Each algorithm will be evaluated both on agent performance, and on the time it takes the algorithm to achieve that performance. Experience points will be scattered around the environment, and the algorithms will attempt to maximize the number of experience points the agent gains. This metric encourages both survival and exploration. If the agent dies before it has the opportunity to gather all available experience points, its performance will be lower than that of an agent that survives longer.
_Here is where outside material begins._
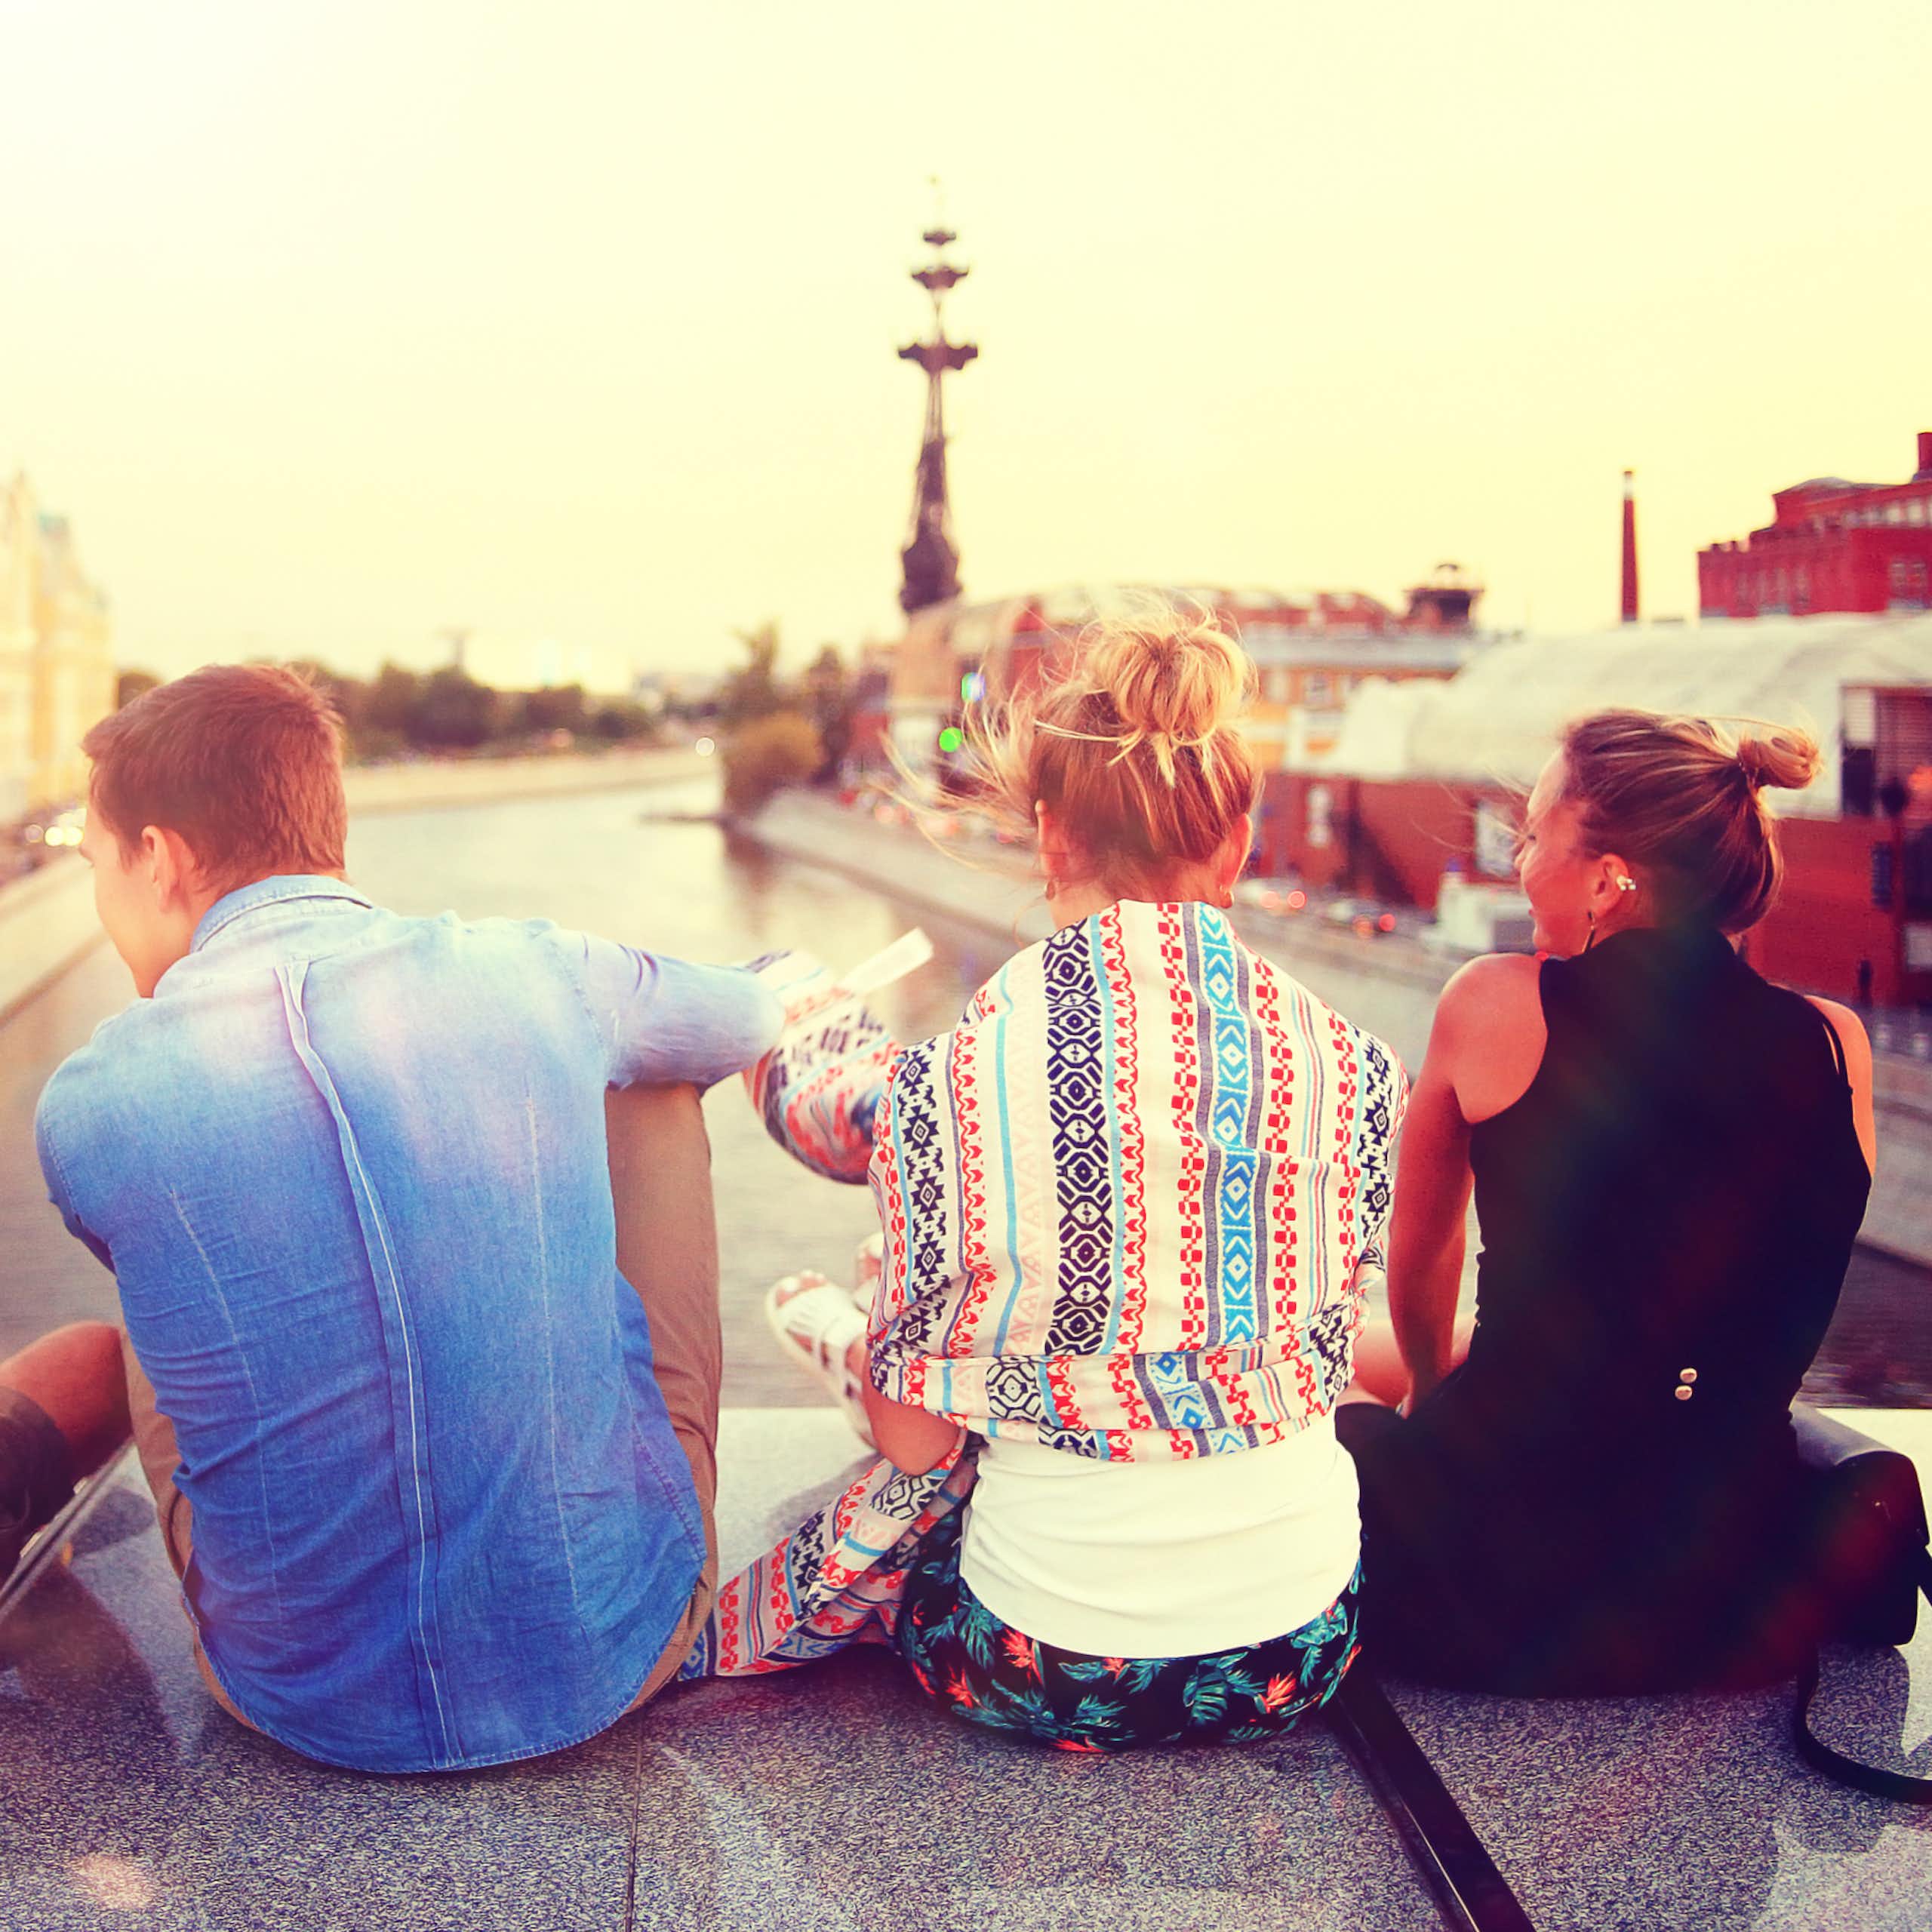 Young people sitting on bridge overlooking city

However, if the agent attempts to maximize survival time by staying in the same place, it will be unable to collect experience points scattered throughout the environment. The algorithms will be compared with each other both by the maximum performance they are able to achieve, and by the number of iterations it takes for the algorithm to reach that level of performance.
Ideally, each algorithm should produce a sequence of movement commands that causes the agent to gather experience points while avoiding obstacles and hazards. The environments should be sufficiently challenging and complex that different algorithms come up with different approaches, and that safely navigating the environment is nontrivial. Finally, the comparisons between the algorithms should be sufficiently robust that they provide clear evidence of their relative strengths and weaknesses. If some algorithms, for example, optimize agent behavior more quickly but have a tendency to get stuck on local minima, while other algorithms achieve better performance but require more iterations, these differences should be apparent in our comparative measurements.
An appointment has been scheduled for May 1st at 3:15pm.
Note: This proposal is preliminary. Details may be subject to change as the project progresses.